To repeat myself from above... they are flatworms which rules out both nematodes and nemerteans. 

They show up in many systems and there are population blooms of them whenever the water quality is impacted by bioload or dissolved organics. They are often considered to be indicators of poor water quality. There are records in the aquarium literature of excess populations irritating fish simply by residing on the fish (although they do not parasitize the fish or feed on the fish at all). This can presumably happen to frogs or tadpoles as well. 

They are typically easily controlled by improving your water quality.


----------



## Steve88W (Jan 21, 2011)

Thanks Ed
I appreciate the info.

I'll take a look at the water quality, etc.


----------



## Mitch (Jun 18, 2010)

If they hang out on the glass underwater like that they could be planaria - a small flatworm that is harmless!


----------



## mellowvision (Feb 6, 2009)

there is a shrimp breeding supplement that kills planaria and nemotodes, without harming sensitive invertebrates like Crystal Red Shrimp. It's very easy to use, not sure if it's frog safe.


----------



## Ed (Sep 19, 2004)

I wouldn't bother dosing the tank as there is a high probability they will be added again in the future probably with plants. 

Ed


----------



## jbherpin (Oct 16, 2009)

If I were the OP, I would look to follow Ed's advice... From the pics, there seemed to be a lot of organics underwater, and this will just encourage the flatworms. As stated, although not considered parasitic, they are proven to cause stress. I would both remove the existing worms, and consider removing some organics(maybe even a spongefilter to correct stagnation and biodeposits, etc.).

JBear


----------



## Steve88W (Jan 21, 2011)

I'm lucky enough to be able to watch this tank randomly throughout the day. (the tank is on my desk at the office)

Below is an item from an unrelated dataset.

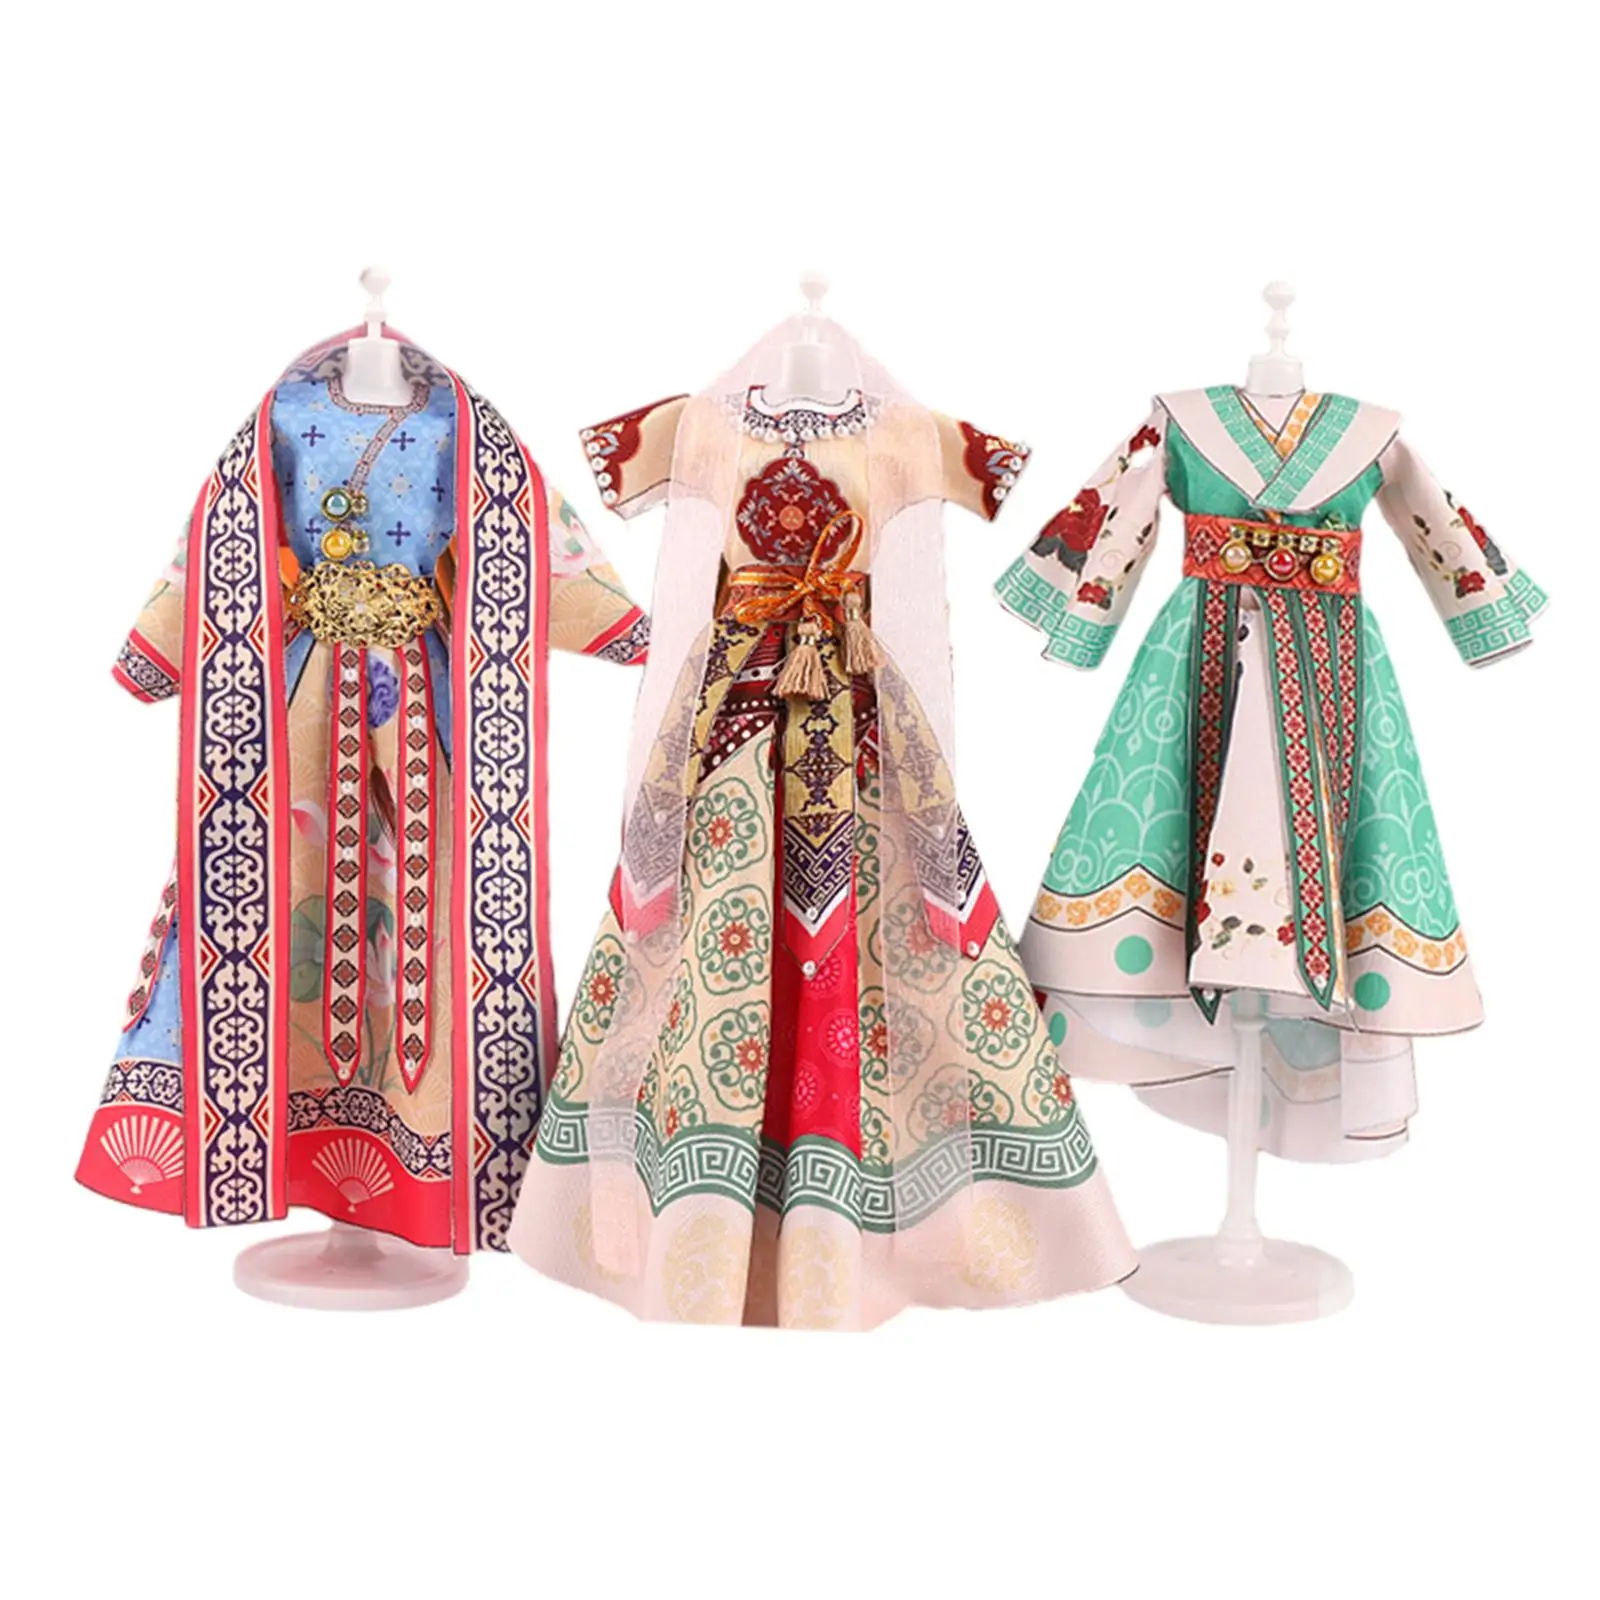 

Модные дизайнерские наборы, творческие куклы принцессы, одежда для изготовления детской одежды, наборы для шитья для девочек, подростков, От 8 до 12 лет, начинающих, детей

The worms are always around but usually only appear in the afternoons.
I'm going to be removing them manually (for aesthetic reasons) and cleaning up some of the plant matter. The tadpoles don't seem to mind the worms just yet but their health is what I'm most concerned about. The water does get filtered by being pumped up to the top of the drip wall then filtering through the wall of sphagnum and java moss.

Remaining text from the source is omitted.